Without those stars, Adolph, battling stress-induced heart trouble, overruled the other players on the squad and chose to keep Kentucky home. Current Georgia and St. Bonaventure guys can identify.

A Kentucky tourney appearance with the Big Three could have been a romp. In going 25-0, UK beat everyone by an average of 27 points. The ‘Cats also posted an easy 73-60 victory over Tom Gola-led La Salle, which eventually won the college title.

During the ’52 season, Kentucky went 27-2 before losing to St. John’s in the NCAA Regional finals. That’s the same Frank McGuire team that reached the national finals against Kansas and was dispatched 80-63. What if fate had matched professor Phog Allen and Kansas against pupil Baron Rupp in the championship match?

Kentucky won the 1948 and 1949 NCAA titles and featured Alex Groza, Ralph Beard and Dale Barnstable. Players at City College of New York, Long Island U., New York U., Bradley and others were nailed in 1951 for fixing and point-shaving. Few dreamed that Kentucky, the most dominant program in college at the time, might also be harboring crooks in short pants.

Along with Groza, Beard and Barnstable, UK eventually also had Walter Hirsch, Jim Line and seven-footer Bill Spivey involved. Spivey led Kentucky to the 1951 NCAA title and was primed for a great senior season in ’52. Hagan and Ramsey were among his teammates.

Spivey, however, had knee surgery that forced him to sit out a while. When point-shaving talk engulfed him, Rupp decided to bench him until his name was cleared. Spivey was indicted but claimed under oath he was innocent of dumping games. He was ripped for not reporting crookery he knew existed and was indicted for perjury.

Spivey got a 9-3 acquittal in the perjury trial and was never formally convicted of wrongdoing. He continued to proclaim his innocence and passed a lie detector test. But before his trial even began, the Kentucky athletic board voted to terminate his UK eligibility. He was blacklisted by the pros and wound up understandably bitter and frustrated. He might have been an NBA all-timer.

With all that dirt on the table, the Southeastern Conference voted to ban Kentucky from conference games in 1952-53. Rupp and his athletic director, Bernie Shively, turned heaven and earth to get nonconference games and AAU foes but the NCAA then voted to prevent Kentucky from playing any schedule.

Practice, practice, practice.

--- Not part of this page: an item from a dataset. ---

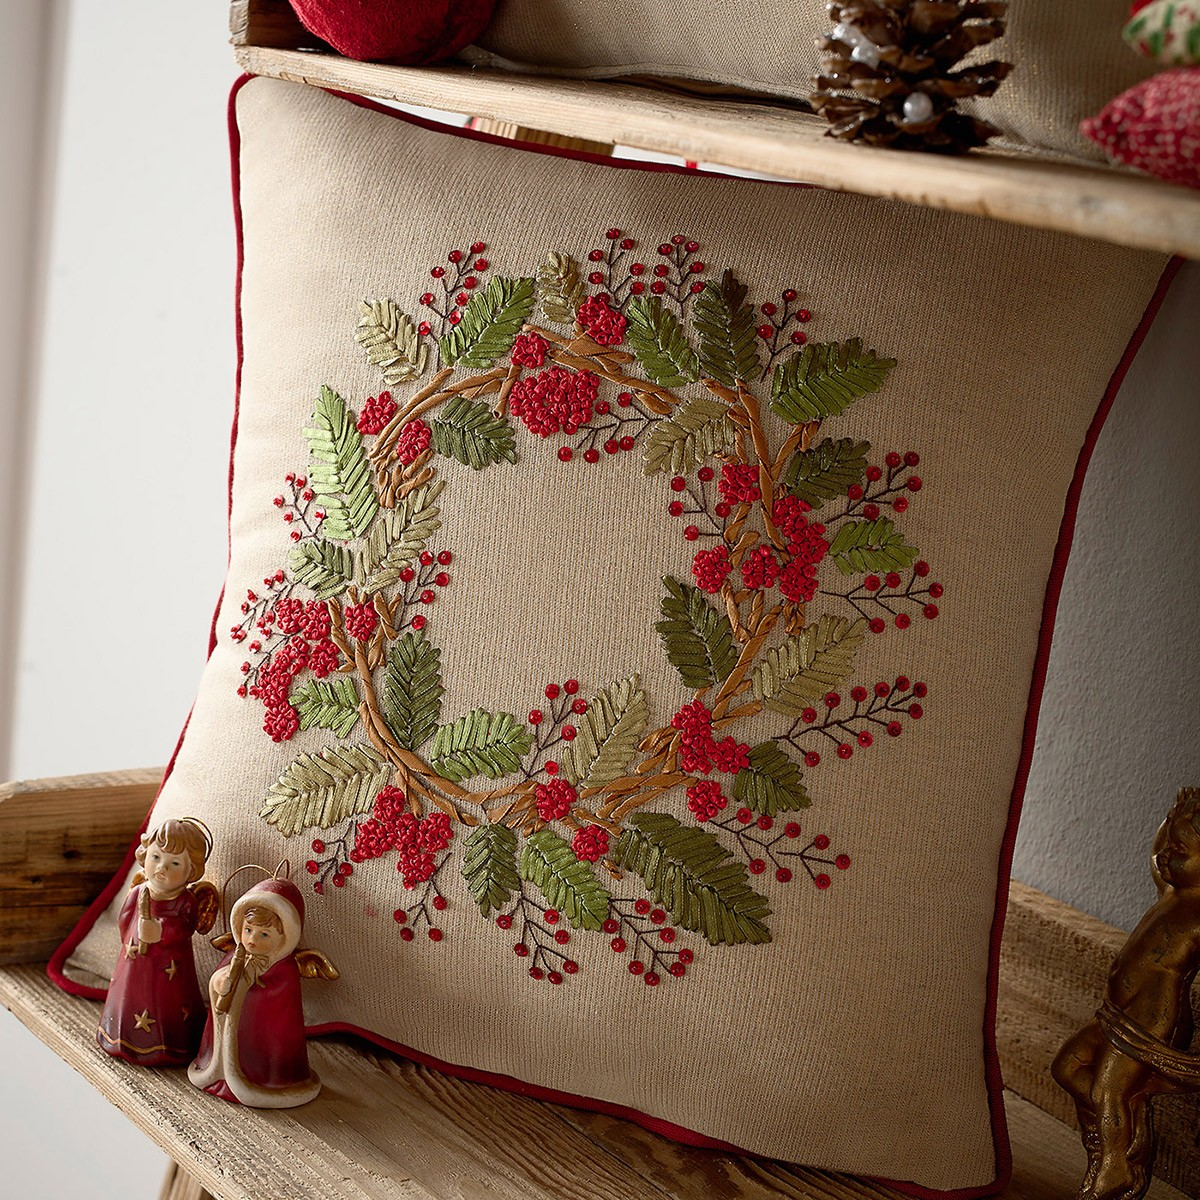 Χριστουγεννιάτικη Μαξιλαροθήκη Gofis Home 611

UK played four exhibition games in ’52-53 and sold out three. The fourth still drew 6,000 despite one of the worst ice storms in Lexington history.

Then followed the banner ’54 campaign, 25-0. The contentious coach decided not to tempt his rivals to to rip him in NCAA play.

The volatile Rupp was walloped verbally, such as by a judge who called the Kentucky athletic program “the acme of commericalism and overemphasis.” Judge Saul Streit claimed Rupp “failed in his duty to observe the amateur rules, to build character and to protect the morals and health of his charges.” The bloody but unbowed Baron vowed never to take one of his teams back to New York City where the fixes had originated. In 1976, he went to Madison Square Garden with a Joe Hall-coached team for an NIT event. But he never got over the way the conference and NCAA walloped him. He declared he would never retire until the man who denied him his 1952-53 season (NCAA chief Walt Byers) handed him the championship trophy. Rupp had to wait until his Fiddlin’ Five won in 1958.

Commented the Bloody Baron: “People told me I should have known what was going on. Hell, we won the NCAA and the NIT and we sent the team to the Olympics with those players. If I was supposed to know what was going on when a team like that is winning, then why doesn’t a coach of a losing team think his players are fixing games?”

Anybody see similarities to the self-serving comments by Jim Harrick, the onetime Lizard of Westwood, where Wizard John Wooden still holds court?